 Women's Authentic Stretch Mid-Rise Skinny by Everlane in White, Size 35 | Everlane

...

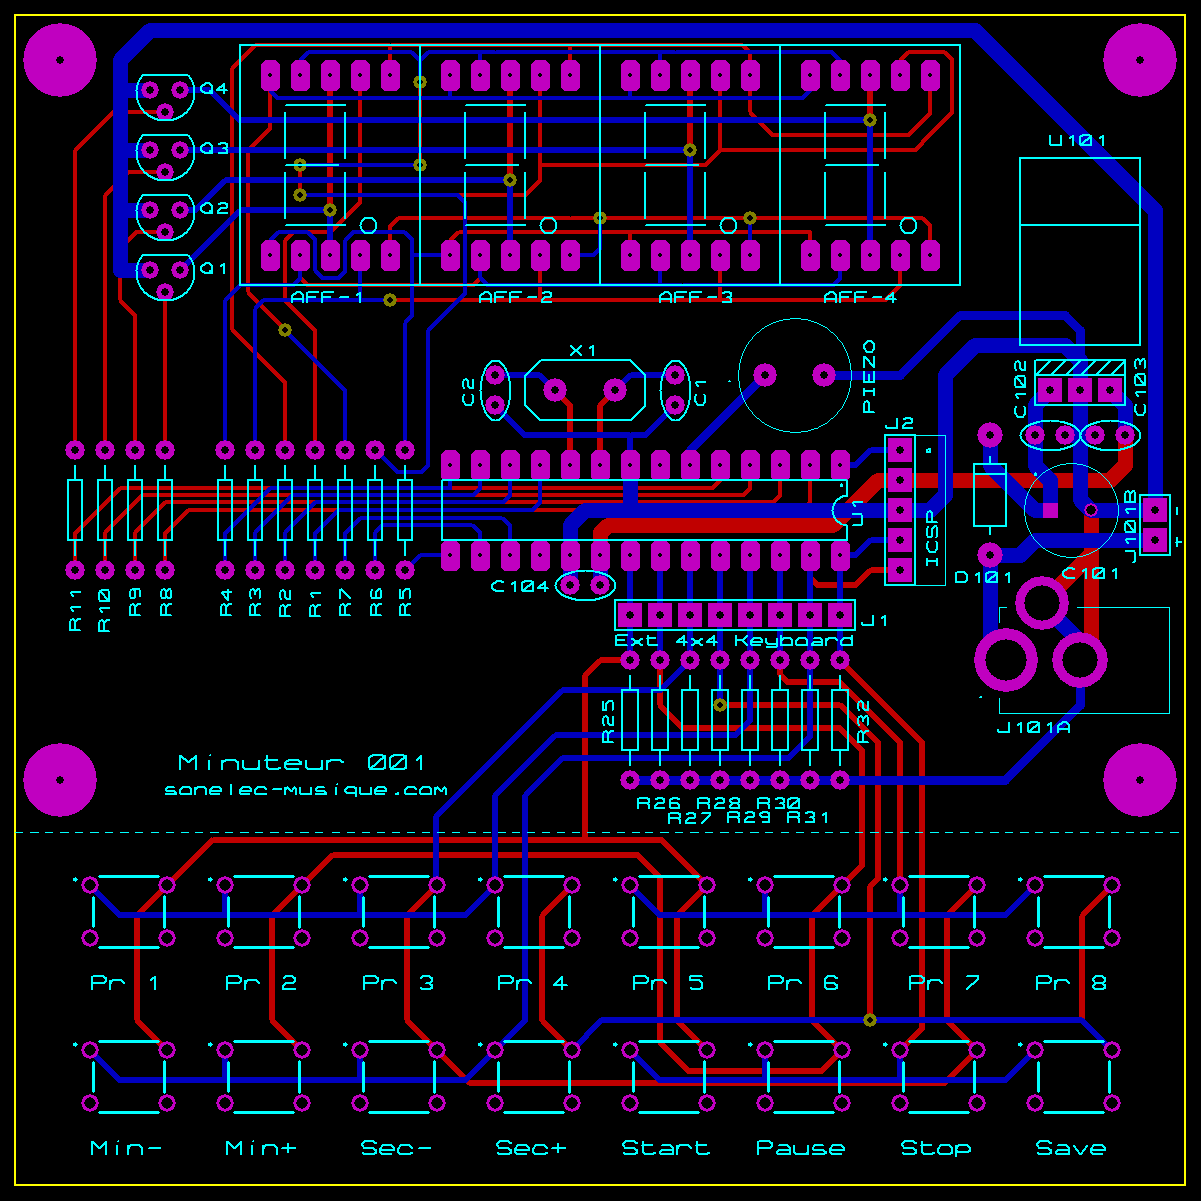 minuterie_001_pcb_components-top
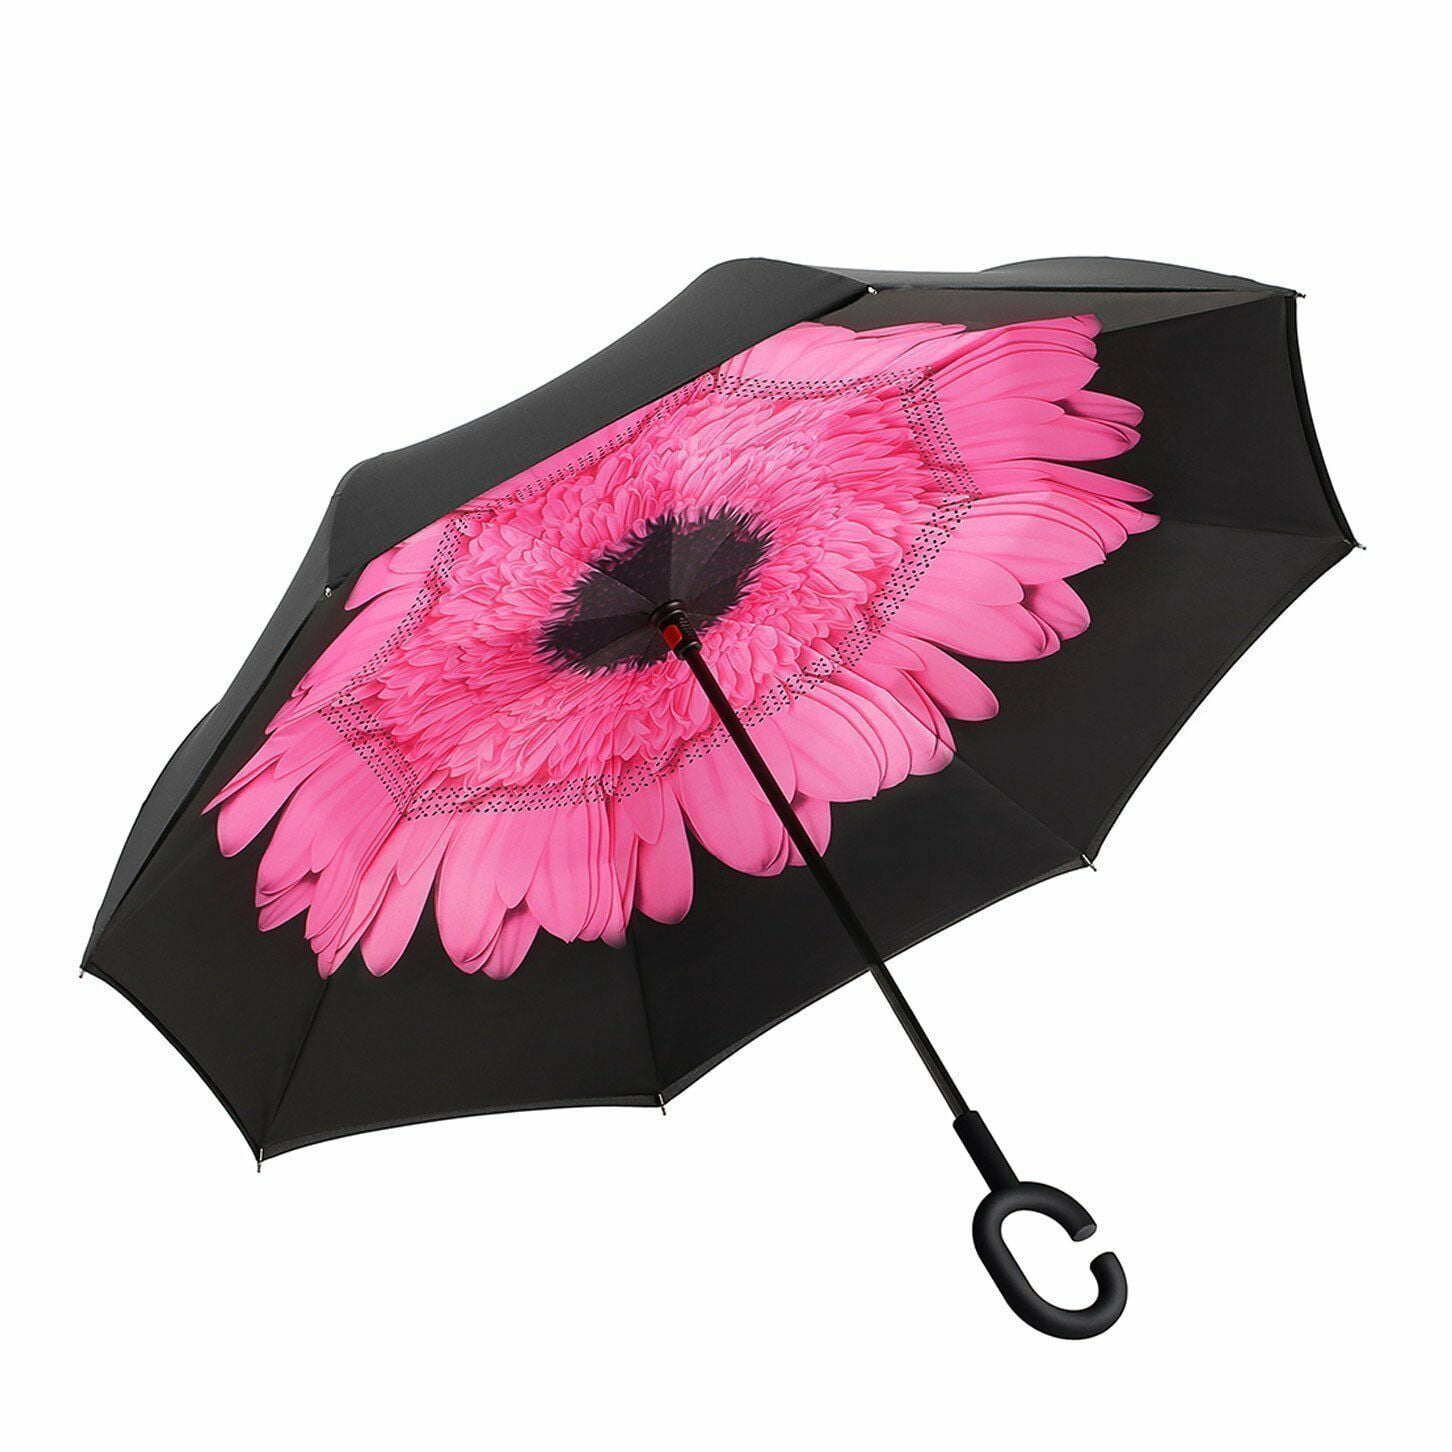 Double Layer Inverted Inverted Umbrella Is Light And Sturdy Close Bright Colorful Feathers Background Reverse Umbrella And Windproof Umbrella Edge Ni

#### YOUR TASK
Look through the listing above for the line with "minuterie_001_pcb_components-top" and the line with "Double Layer Inverted". Write out exactly those lines and everything between, leaving out pictures.

#### FINAL ANSWER
 minuterie_001_pcb_components-top
 Double Layer Inverted Inverted Umbrella Is Light And Sturdy Close Bright Colorful Feathers Background Reverse Umbrella And Windproof Umbrella Edge Ni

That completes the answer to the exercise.